ANATOMY of a lost season.

On a bitingly cold evening down the Páirc back in January for the opening night of the national football league against Tipperary, two incidents drew gasps that warmed the Cork public.

At one stage of the first half a Tipp defender, seeing maybe 30 yards of space, clipped a footpass across his own goal but he hadn’t calculated for the speed of the nearest Cork player who tore up the ground and got a fist to the ball to knock just over the crossbar for a point — it was the purest moment of excitement on the night, that thrill of sheer speed. It took a second to register who it was but really it could only have been Sean Powter.

Then, in the second half, Powter kicked a ball by the sideline and when he went to take off, well, in his own words, he felt something click in his leg, something that didn’t feel right at all. The Cork fans audibly sagged.

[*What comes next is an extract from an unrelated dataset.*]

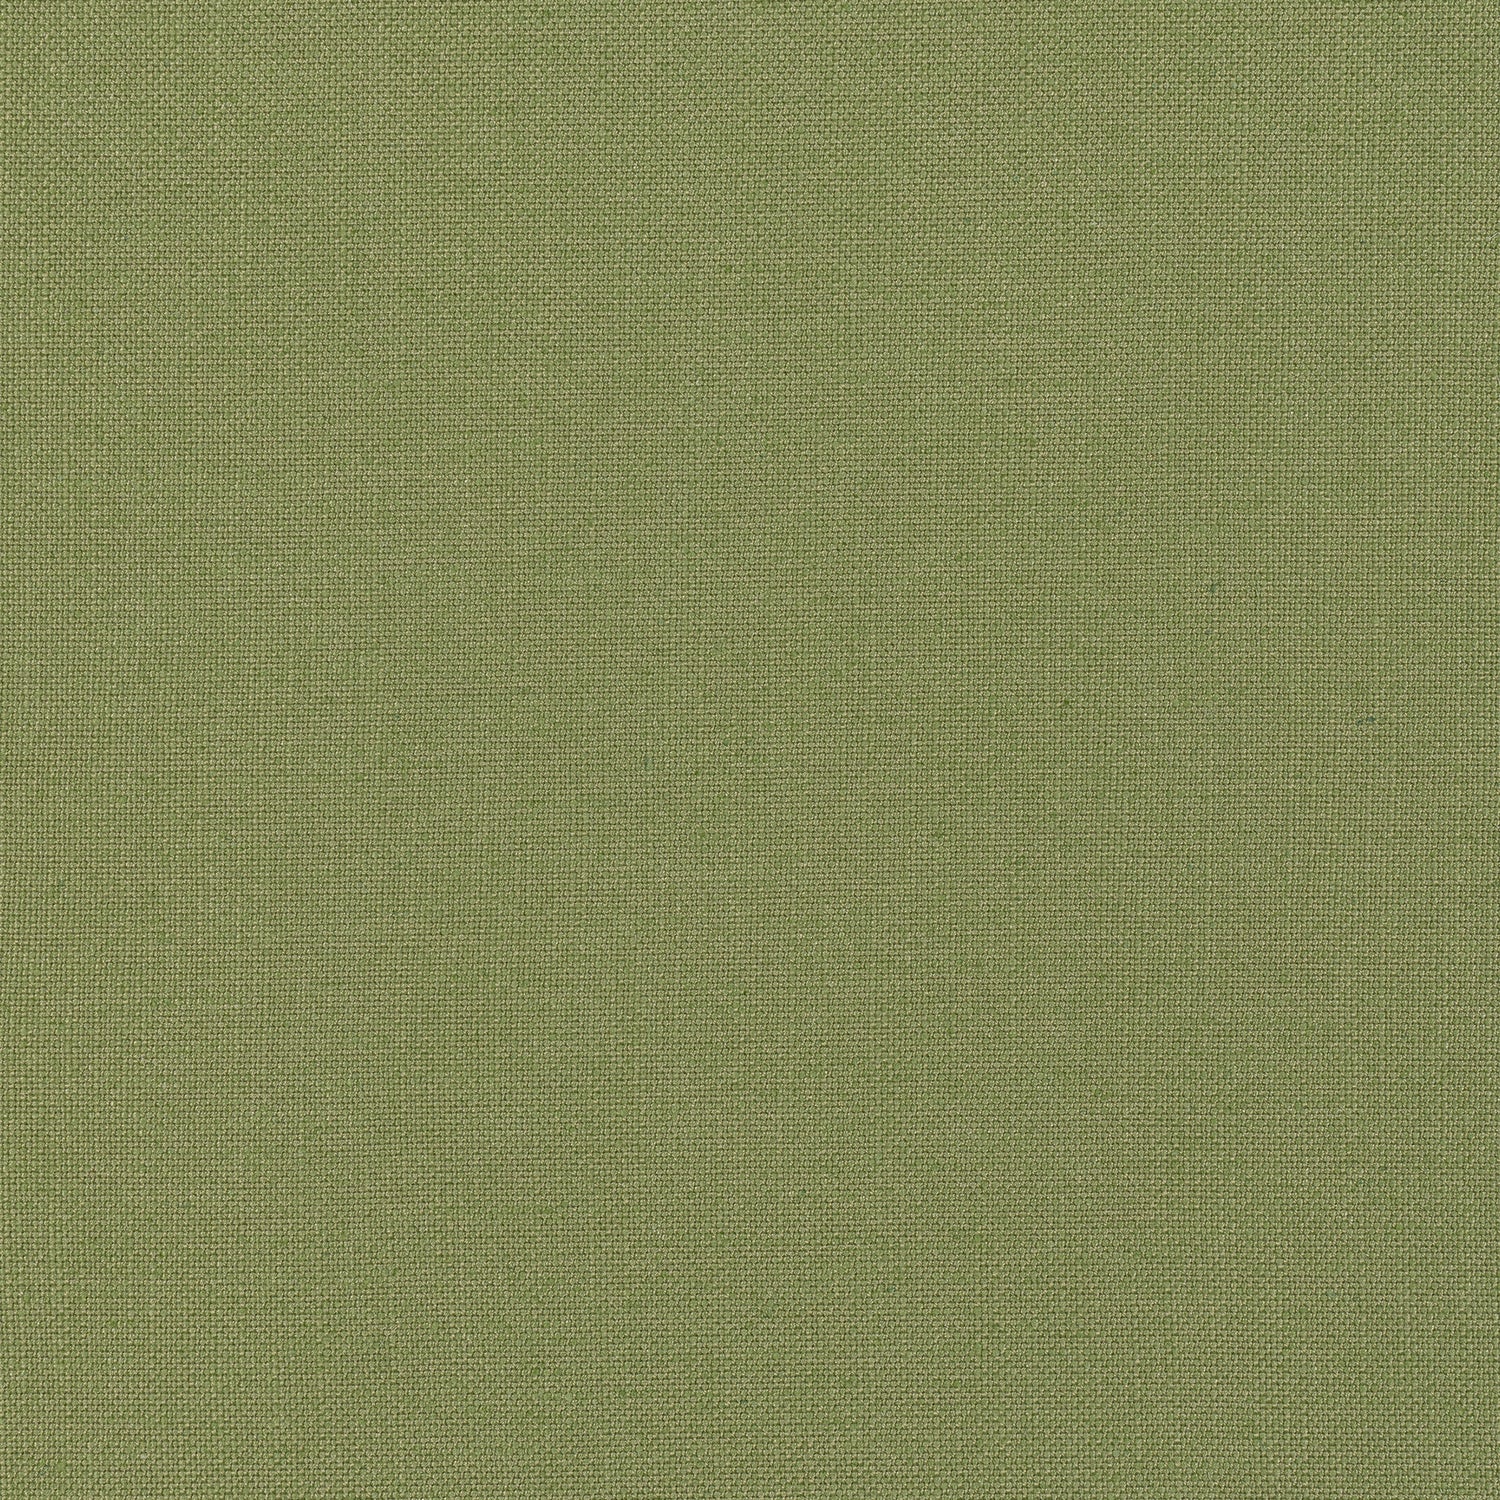 Palisade Linen fabric in olive color - pattern number FWW7657 - by Thibaut in the Palisades collection
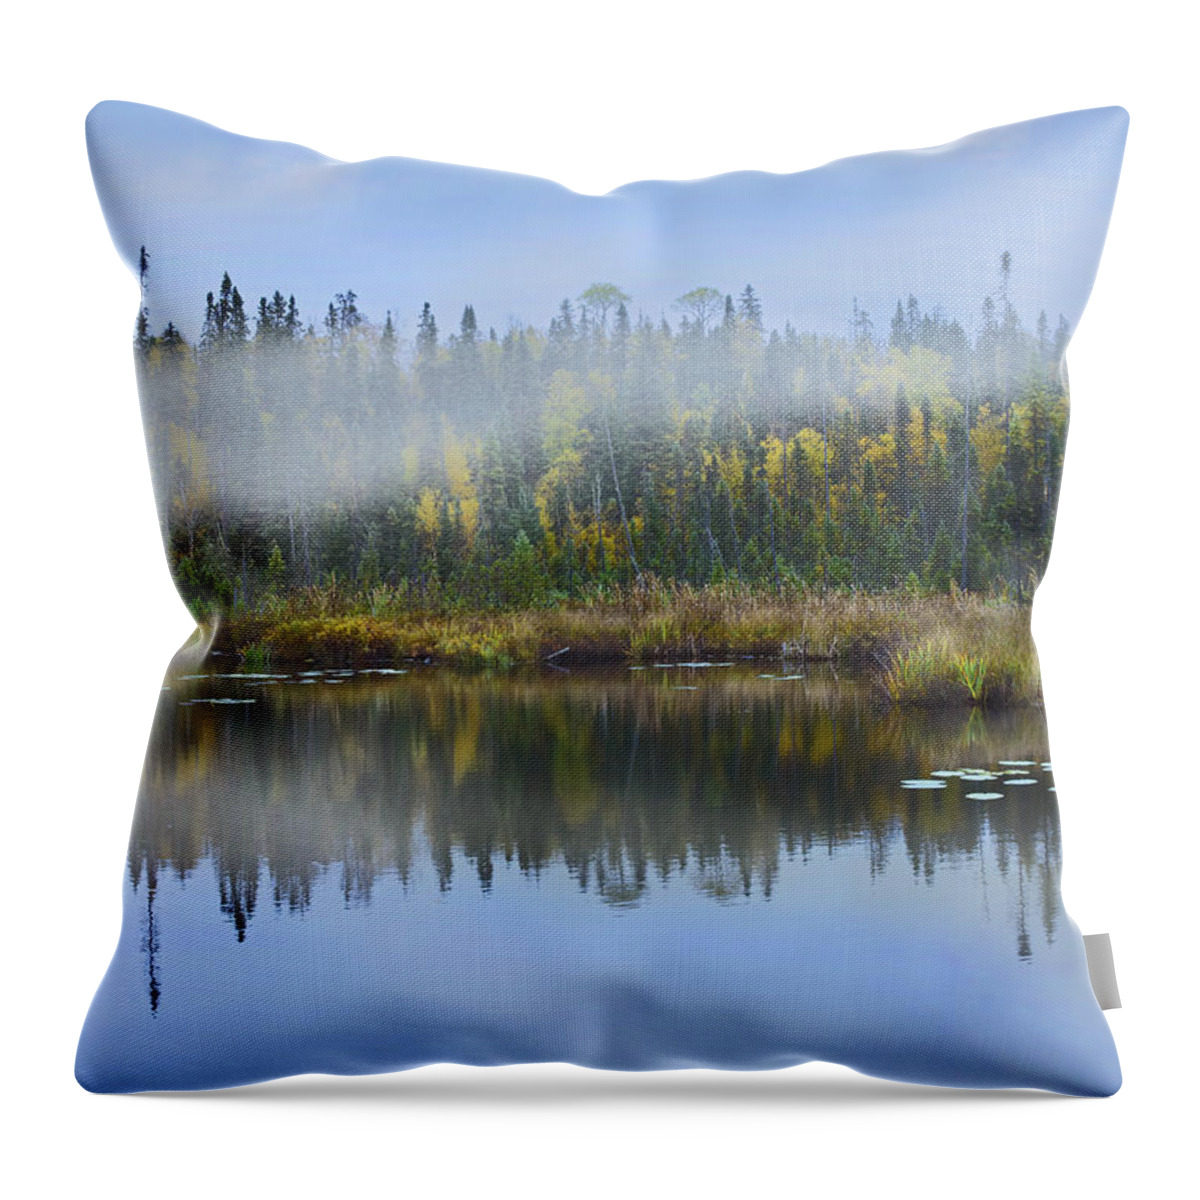 00176925 Throw Pillow featuring the photograph Fog Over Lake Ontario Canada by Tim Fitzharris

It was obviously a bad one.

Aidan Kelleher, the team doctor, explains it as a catastrophic tendon tear right in the middle of Powter’s hamstring and hasn’t come across anything quite so severe previously in sport. Eanna Falvey mentioned a rugby player who’d retired with a similar injury.

The bare fact was most of the junction between muscle and tendon in his hamstring was torn. Of course, Powter being typically upbeat says he was lucky to have some left. Ask for a why on such an injury and there’s no definitive explanation.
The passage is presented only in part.